**DATA PROVIDED**
+--

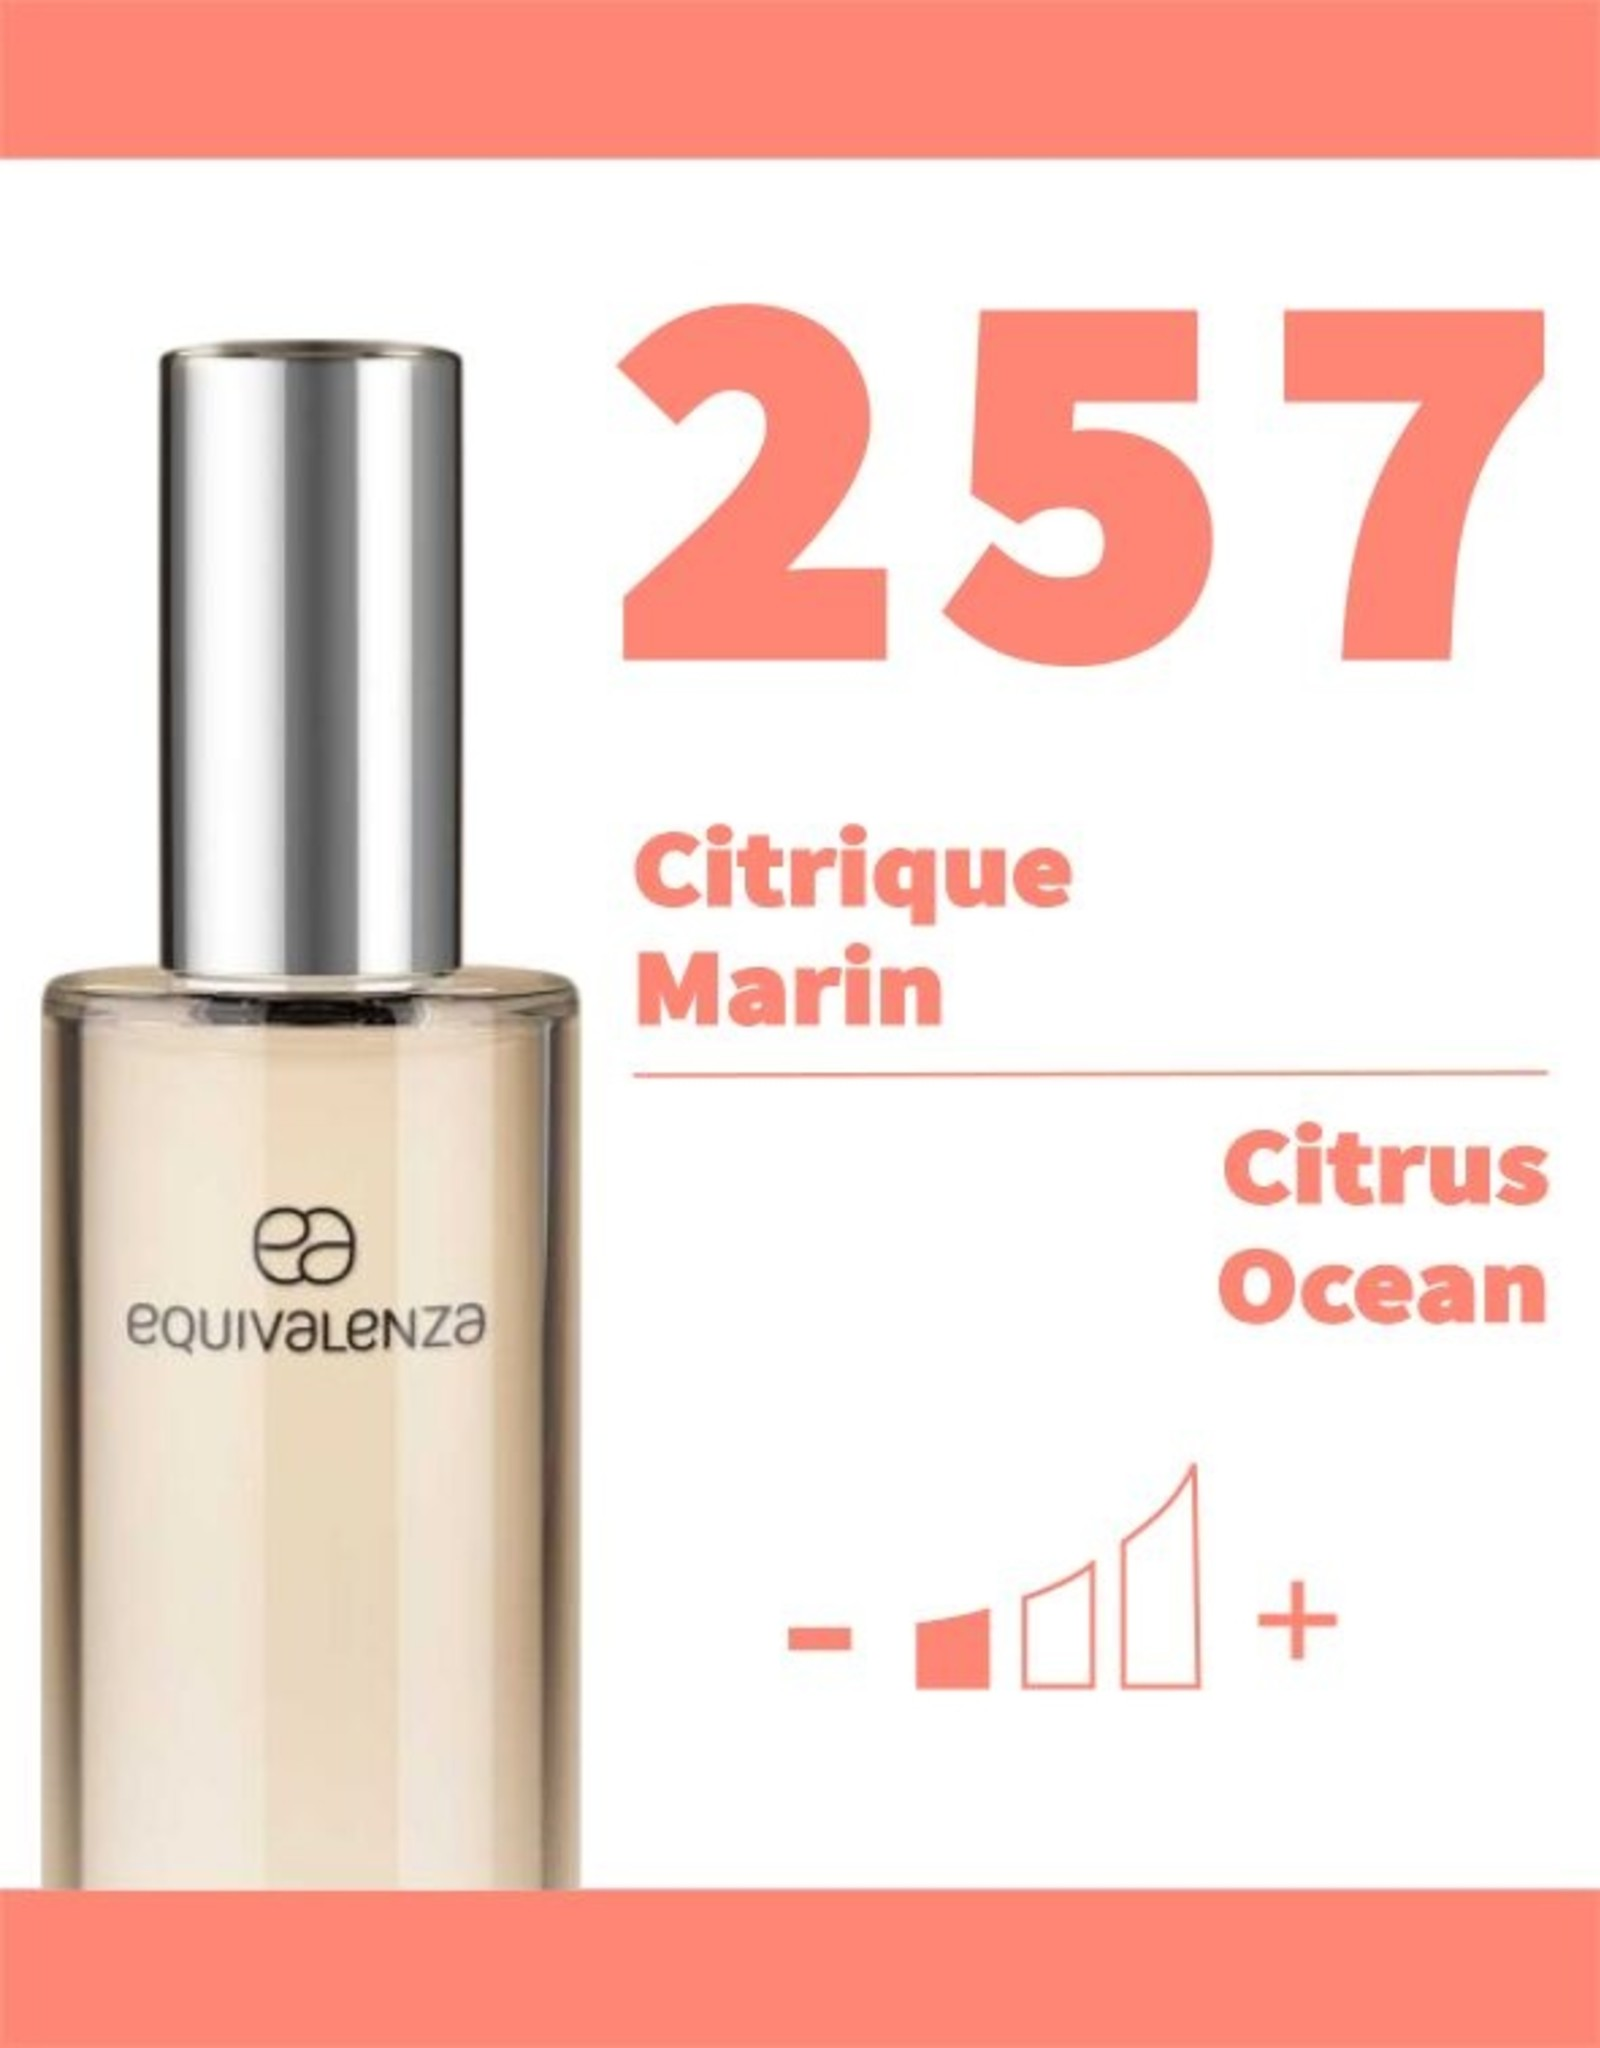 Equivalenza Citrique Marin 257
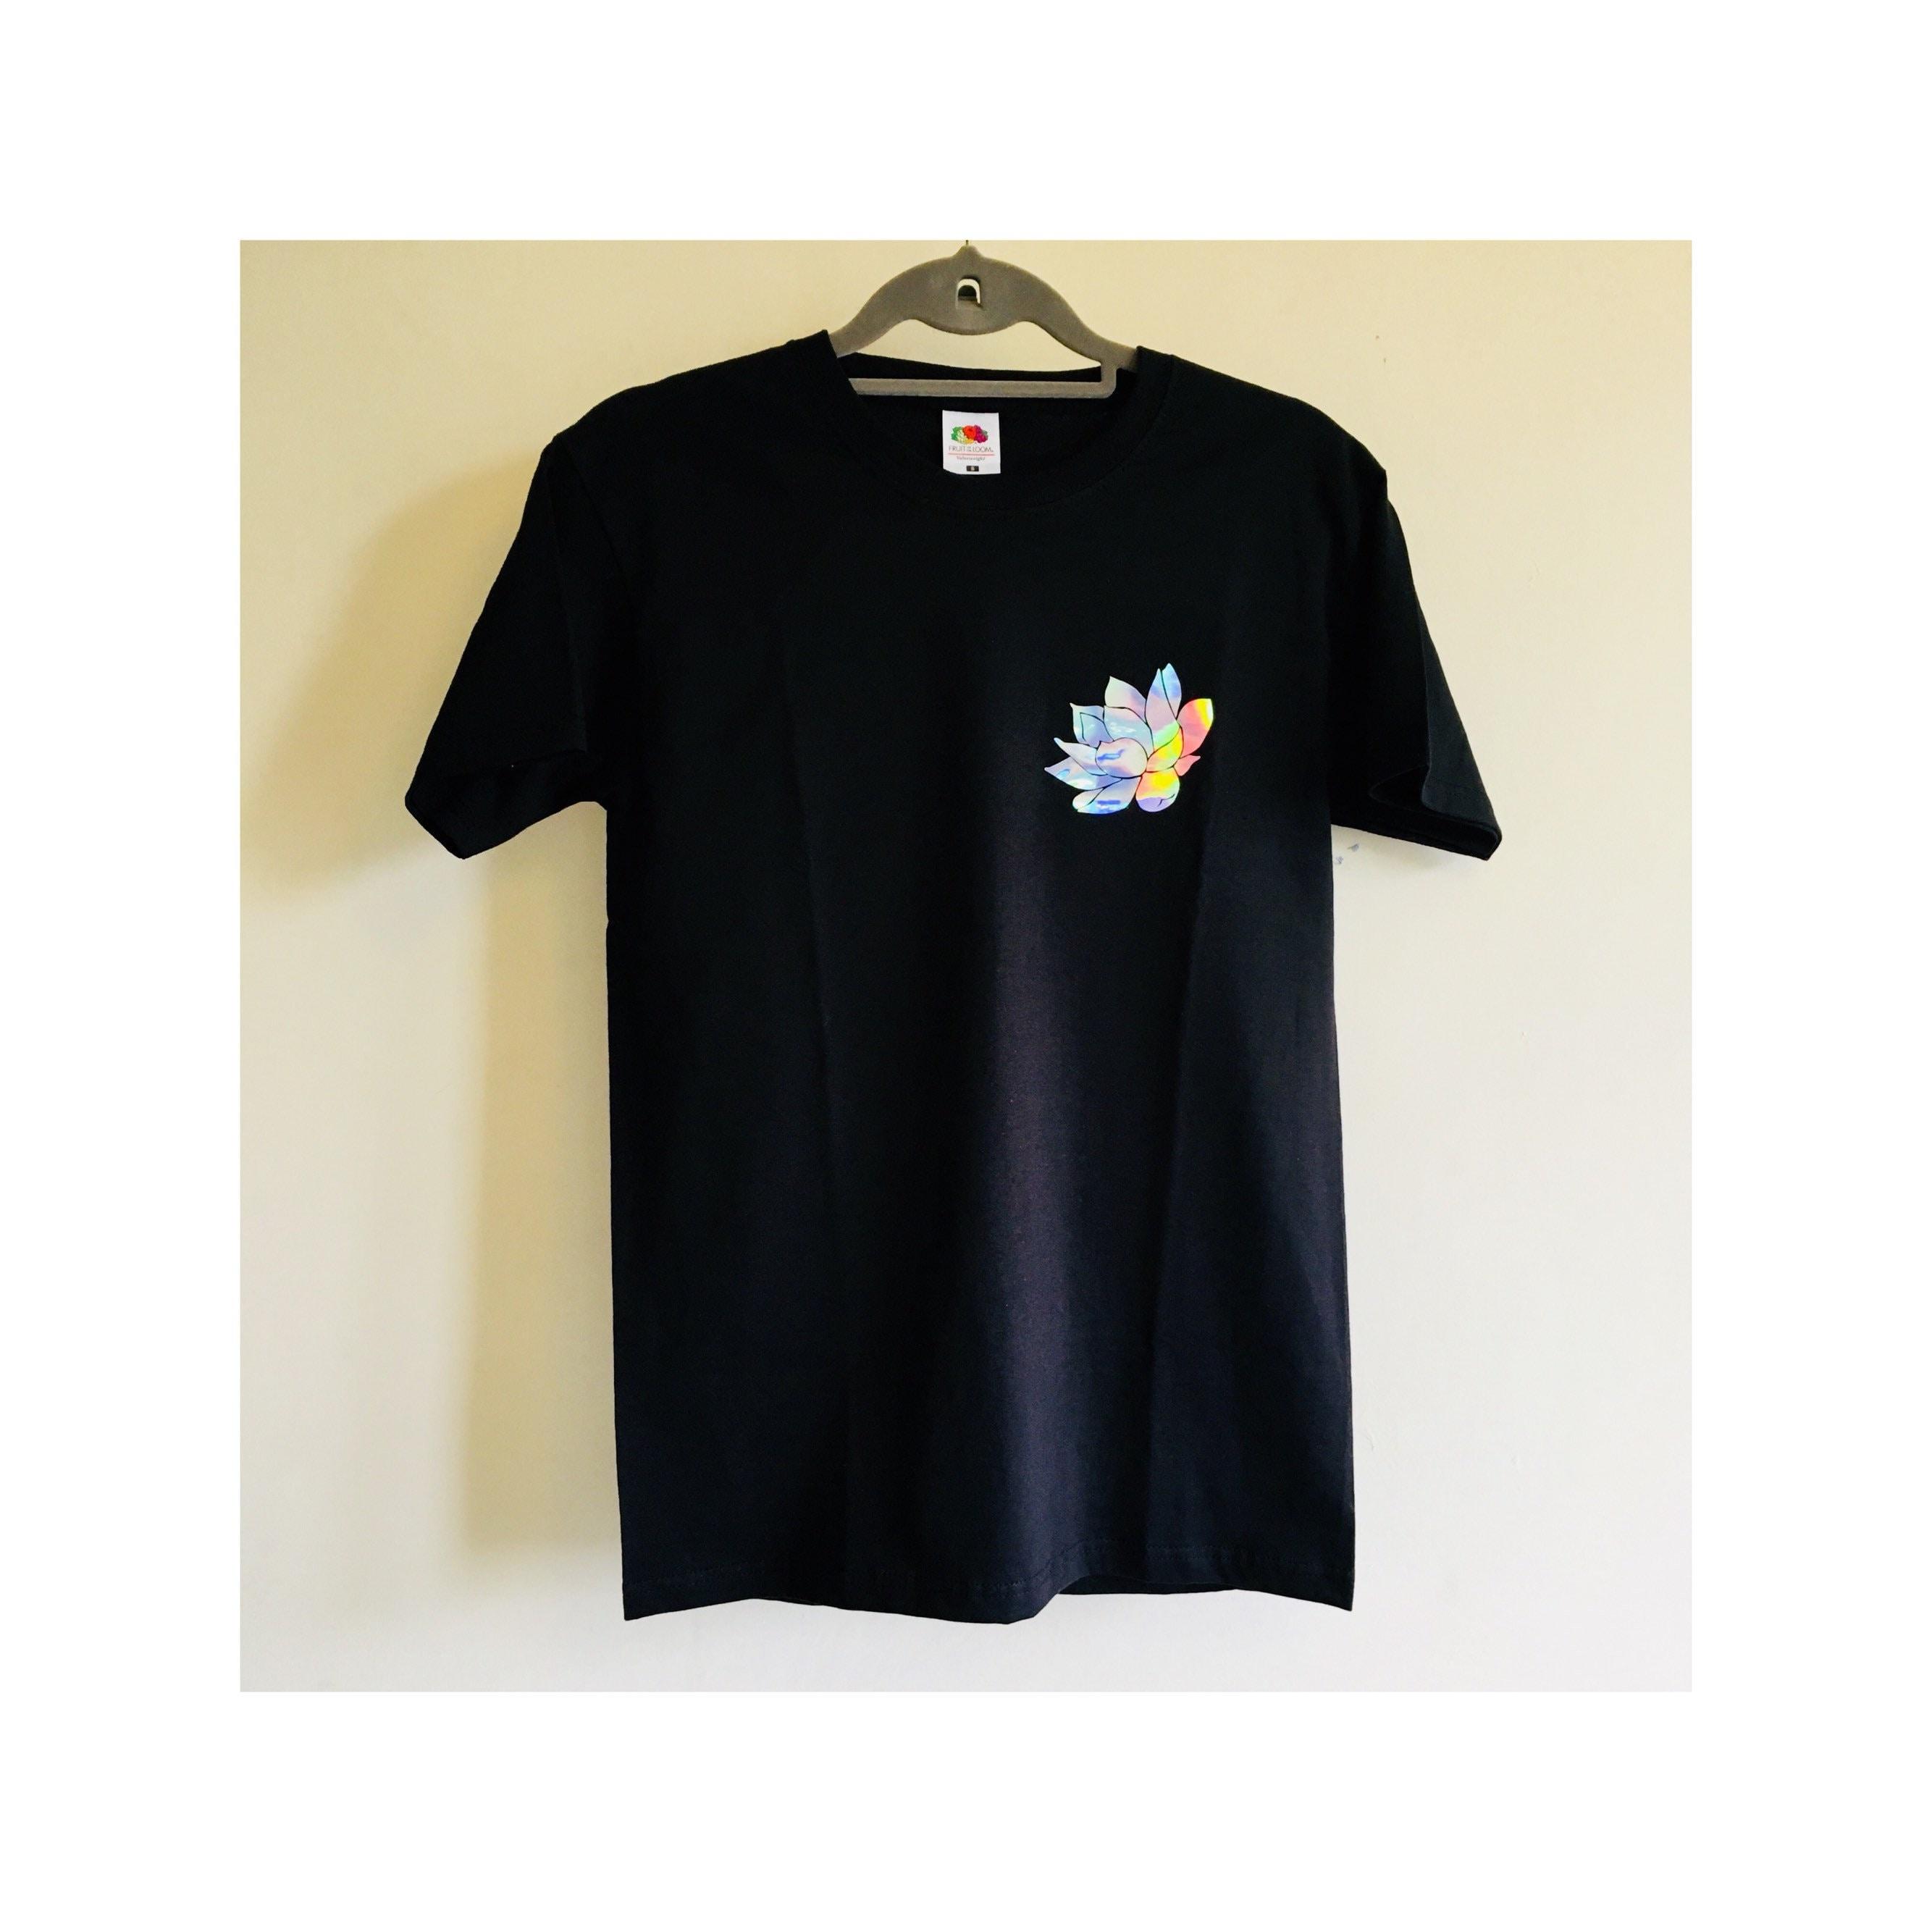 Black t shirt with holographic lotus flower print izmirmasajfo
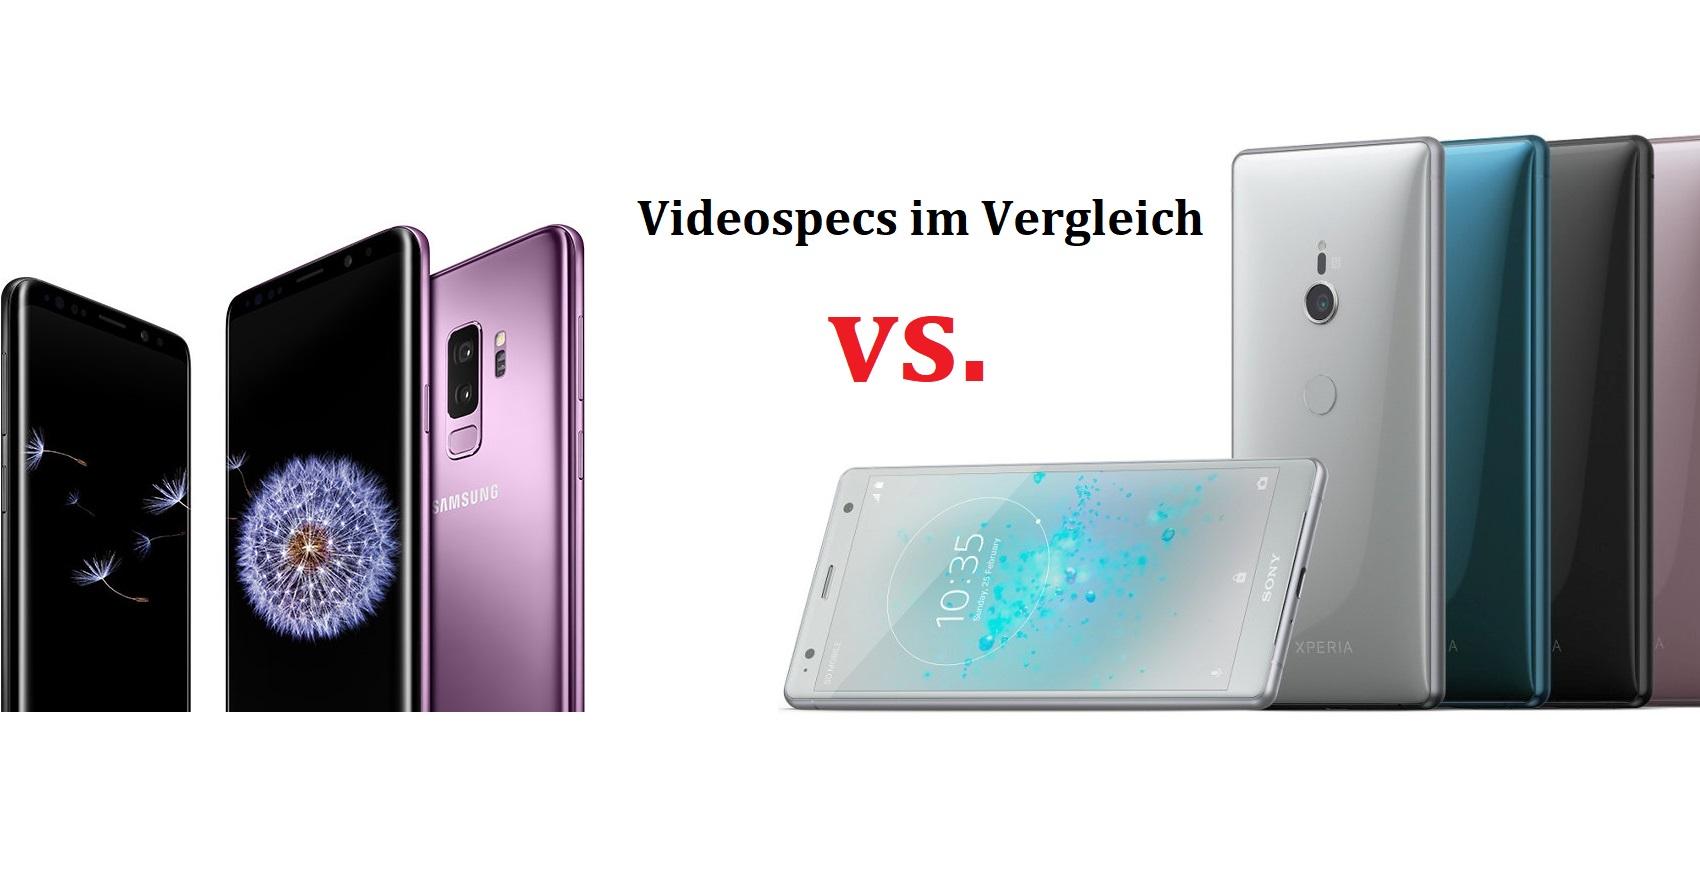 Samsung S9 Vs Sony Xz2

+--

**TASK DESCRIPTION**
Word for word, repeat only the lines from the line containing "Black t shirt" through the end of the data, without any pictures.

**PROBLEM SOLUTION**
 Black t shirt with holographic lotus flower print izmirmasajfo
 Samsung S9 Vs Sony Xz2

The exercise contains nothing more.